Goosebumps (2015): “I personally would’ve preferred if Goosebumps had been anchored more by practical effects rather than its somewhat tiresome CGI (although there were some genuinely effective visual cues like a beautiful funhouse mirror sequence & a sad little box labeled ‘Dad’s Stuff’ in the film) but the younger generation of kids in the audience are highly likely not to care about that distinction. For them, the film is more or less perfect as a primer for horror & horror comedy as a genre, CGI warts & all and, honestly, that’s all that really matters.”

Krampus (2015): “Other than it being a horror film about a murderous Christmas beast, one of the weirdest things about Krampus is that it made it to the big screen. Most Christmas horror movies go straight to DVD. I can’t even remember the last time a Christmas horror film was in theaters. It may have been the 2006 remake of Black Christmas, but I’m not quite sure. Anyway, it’s always a good sign when a campy movie makes it to theaters. Krampus brought in over $16,000,000 on its opening weekend, which is pretty impressive considering its campy reputation. Bad taste is alive and well!”

Ghostbusters (2016): “It’s subtle, but there’s a lot of love and respect for Ghostbusters as a franchise in this film, no matter what you’ve heard. Some of the more slapsticky moments went on a little long for me, but there’s too much fun to be had to stick your head in the sand and ignore this movie just because the ‘Busters aren’t the same ones that you grew up with. And, hey, if Dave Coulier replacing Lorenzo Music as the voice of Venkman in The Real Ghostbusters or the creation of the Slimer! shorts to pad out the Slimer and the Real Ghostbusters hour didn’t destroy the Ghostbusters legacy, this certainly won’t either.”

The Final Girls (2015): “If you happen to be a fan of 80s ‘camp site slasher films’ like Friday the 13th & Sleepaway Camp and you enjoy meta genre send-ups like Scream & The Last Action Hero, please check out The Final Girls as soon as you can. Save reading reviews (like this one, for instance) for after you give the film a chance. It’s best to go into this movie cold if you can manage it. I wish I had, anyway.”

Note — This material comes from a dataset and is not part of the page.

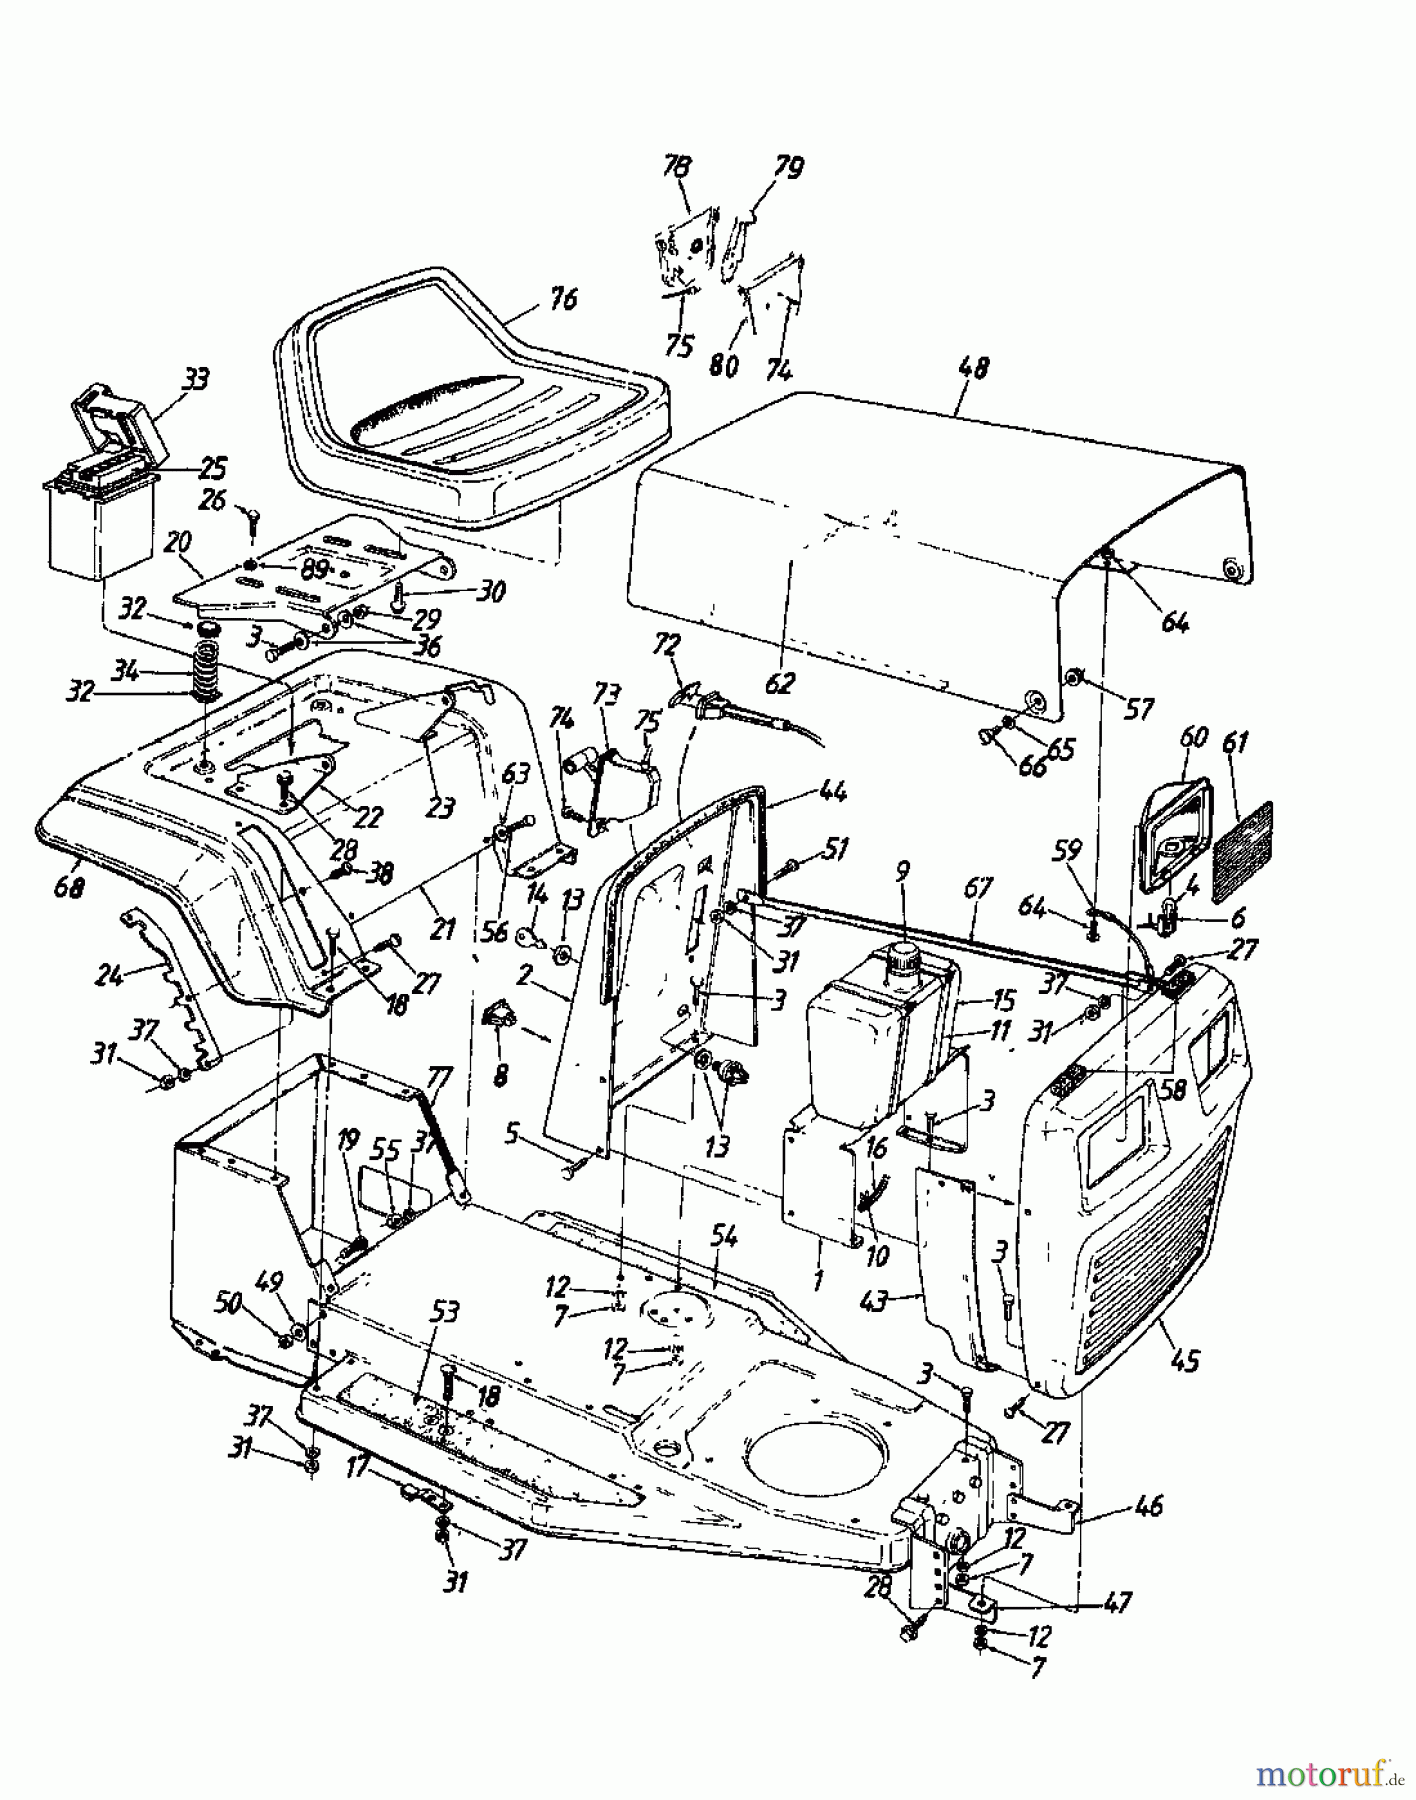  MTD Rasentraktoren 11/81 137-3320  (1987) Armaturenbrett, Motorhaube, Sitzwanne
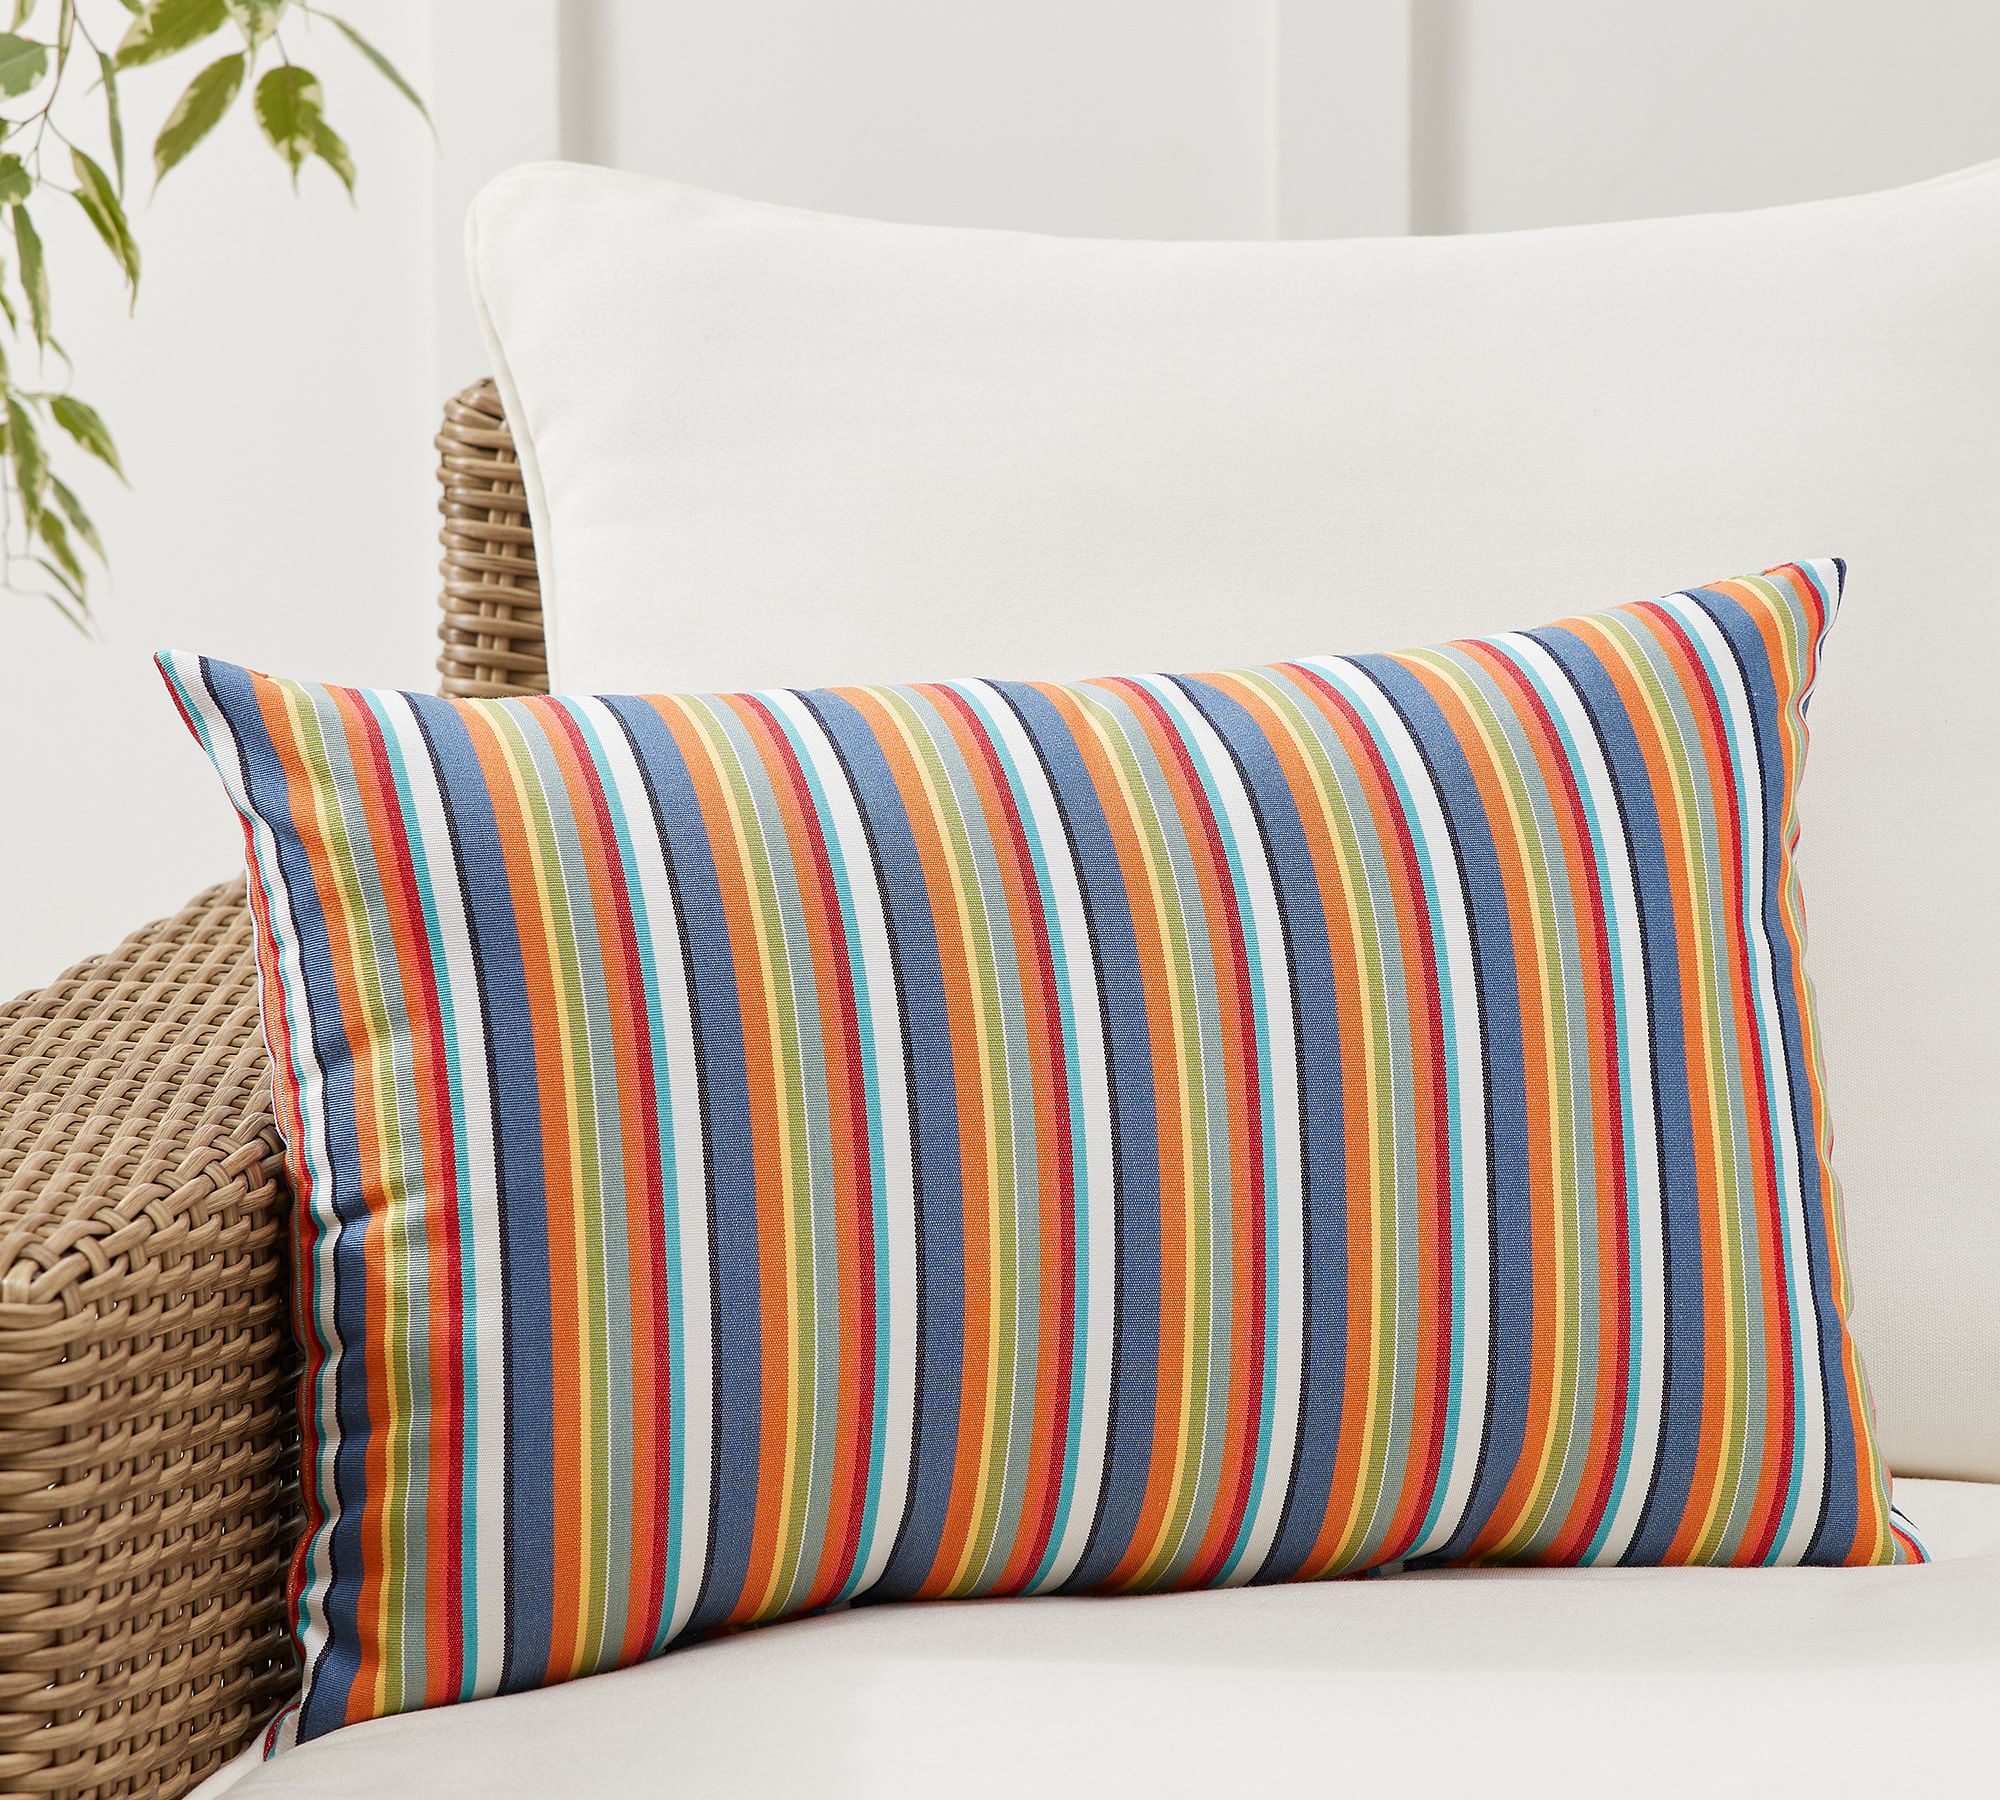 Sunbrella® Newport Striped Outdoor Lumbar Pillow

Deathgasm (2015): “On the surface, Deathgasm has a lot more in common with the chaotic 1980s horror franchise Demons than it does with zombie fare like Dead Alive. It’s just that the films’ eye-gouging, throat-slitting, head-removing, blood-puking mayhem is played almost entirely for grossout humor instead of the discomforting terror inherent to films like Demons. This is especially apparent in the gore’s juxtaposition with rickroll gags & the goofy image of kids in corpse paint enjoying an ice cream cone. The horror comedy of Deathgasm is far from unique, though. What truly makes Deathgasm stand out is its intimate understanding of metal as a subculture. It’s easily the most knowledgeable movie in that respect that I’ve seen since the under-appreciated Tenacious D road trip comedy Pick of Destiny. I mean that as the highest of compliments. The difference there is that Pick of Destiny (besides being relatively violence free) got a lot of the attitude right, but didn’t have bands with names like Skull Fist, Axeslasher, and Beastwars on the soundtrack. Deathgasm not only looks & acts the part; it also sounds it, which is a rare treat.”

Campy Spectacles

If you’re looking for a little irony in your horror comedy yucks, these films tend more towards the so-bad-it’s-funny side of humor, sometimes intentionally and sometimes far from it. They’re the best we have to offer in terms of bad taste.

My Demon Lover (1987): “I honestly didn’t expect My Demon Lover to be much different than the other hundreds of campy 80s comedies out there, but it actually does a great job standing out on its own. At first, the film didn’t seem like it was going to be anything but a cheeseball comedy about a fruit burger-eating airhead that falls for a perverted homeless guy who may or may not be a killer demon. Thankfully, things become much more interesting as the film goes on. The monster movie and romcom elements of My Demon Lover come together to create a rare combination that makes for one hell of a memorable flick.”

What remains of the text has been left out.